San Francisco, 19th June 2025 We’re building a world where AI agents handle our emails, book our flights, make purchasing decisions, and generally manage the mundane for us automatically. But even in this mundanity, there are personal decisions. Like, choosing the tone for an email response, booking a seat in the front or back of the plane, and purchasing the brand of toothpaste I prefer. Current AI implementations don’t handle these personal decisions well. This is by design. Models have their own personalities, which conflict with mine. Interact with GPT, Gemini, or Claude, and you’ll notice each has a distinct voice. GPT is short and direct. Gemini leans heavily into bullet points and lists. Claude is verbose and loves to pull out the canvas whenever possible. These aren’t bugs in the traditional sense. They’re features the companies spent millions training into their models. How do we know this? Ask any LLM to write emails the way you write emails, and they’ll still sound like themselves. Memory doesn’t make a difference. LLMs have a distinct smell, and it doesn’t go away. “This MIT study” backs this idea. There’s a significant distance between essays written with LLMs and essays written with “brain only”. LLMs, despite good prompting, cannot capture the essence of the user’s personality. English teachers who evaluated the AI essays for the study could also point to the lack of “human” personality in the LLM-generated work:
Some essays across all topics stood out because of a close to perfect use of language and structure while simultaneously failing to give personal insights or clear statements. These, often lengthy, essays included standard ideas, reoccurring typical formulations and statements, which made the use of AI in the writing process rather obvious. We, as English teachers, perceived these essays as ‘soulless’, in a way, as many sentences were empty with regard to content and essays lacked personal nuances. While the essays sounded academic and often developed a topic more in-depth than others, we valued individuality and creativity over objective “perfection”. This is reflected in lower content and uniqueness scores, while language, structure and accuracy are rated higher. However, some of these obviously AI generated essays did offer unique approaches, e.g. examples or quotes, which then led to higher uniqueness scores, even if structure and language lacked uniqueness.

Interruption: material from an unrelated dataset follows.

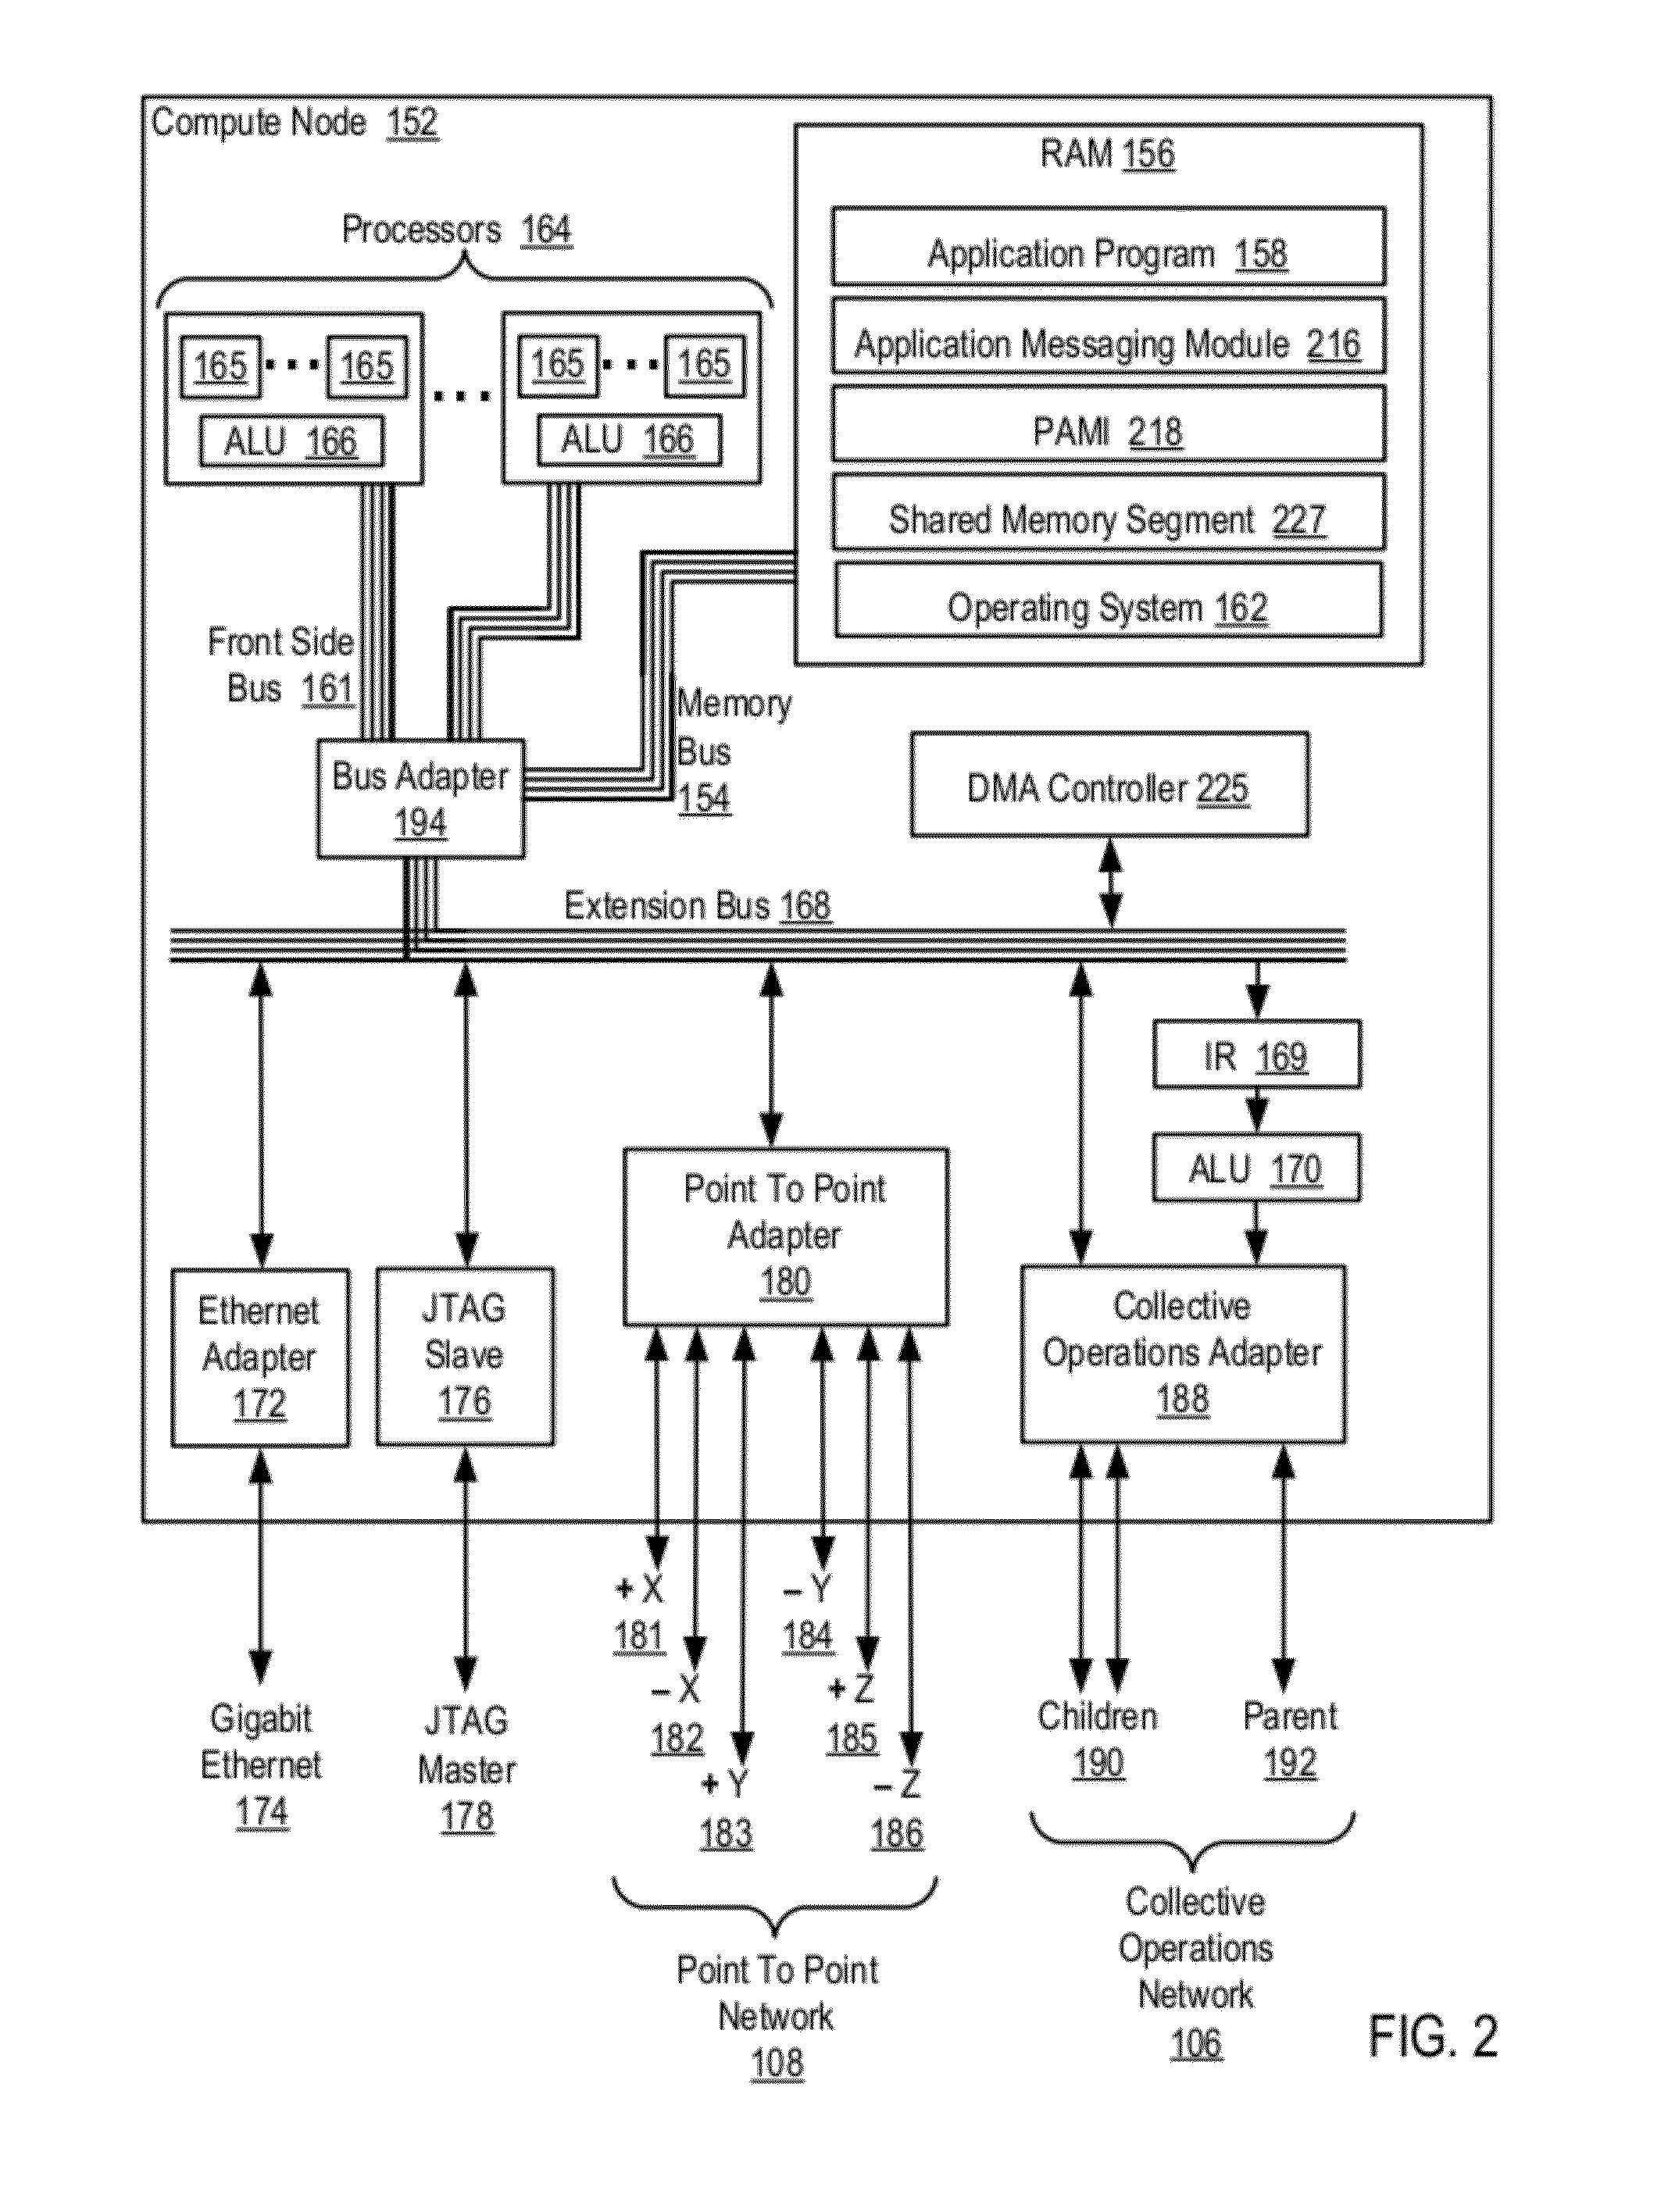 Processing Data Communications Events In A Parallel Active Messaging Interface Of A Parallel Computer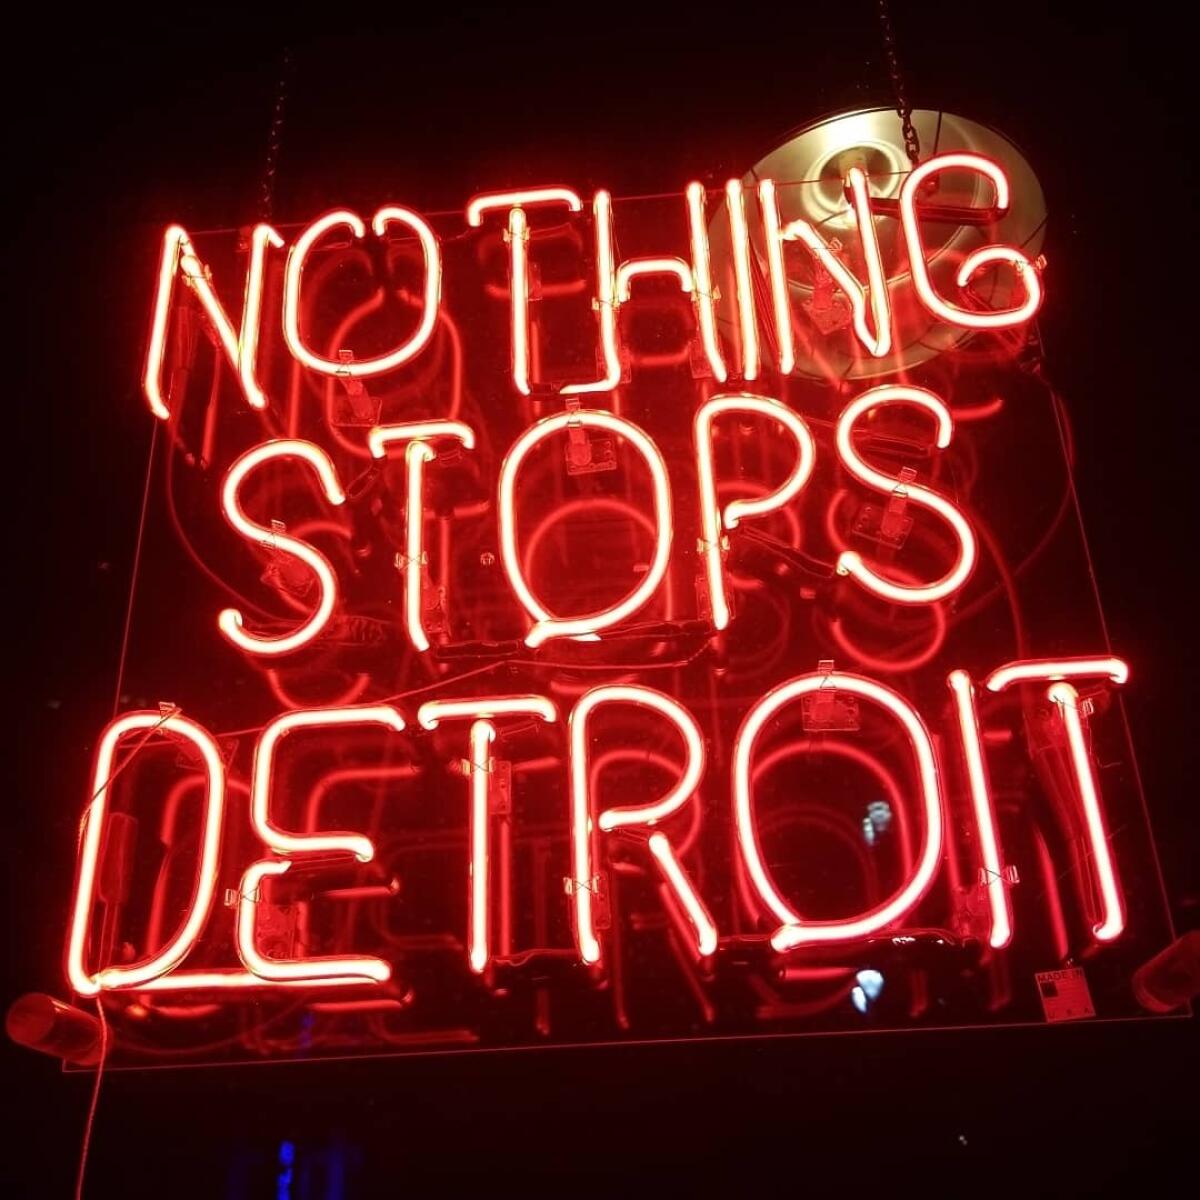 A sign declaring "Nothing stops Detroit" hangs in a storefront along Woodward Avenue in downtown Detroit, one of many signs and murals aimed at lifting the spirits of locals in the economically depressed city.

When an AI agent acts on my behalf, it needs to make the same choices I would make. Not similar choices—the same ones. It needs to write messages the way I do, prioritize the way I do, write code in the style I prefer. You can define rules to guide LLMs around this, but that’s not a good solution. I doubt most people can filter their entire personality into a set of clean rules for the LLM to follow. That’s not good UX. This goes deeper than memory or context. It’s not about the model knowing my preferences—it’s about the model’s fundamental decision-making process mirroring mine. When faced with ten ways to phrase a sentence, does it choose the same one I would? When deciding whether to be direct or diplomatic, does it make my choice? The current approach treats AI personality as a feature to be proud of. Companies differentiate their models based on these distinct voices. B ut personality in AI is actually a bug masquerading as a feature. It creates a gap between what I want and what I get, between my decision-making and the AI’s. If the goal is an AI native world, then we need models that are impressionable in the deepest sense—not just following instructions, but adopting the user’s entire approach to communication and decision-making. An AI that knows what I like is a side effect of an AI that thinks like me. A digital twin that can replicate my behavior in binary should be the north star. Until we solve this, we’ll be stuck in the current paradigm of AI as a tool that requires constant supervision.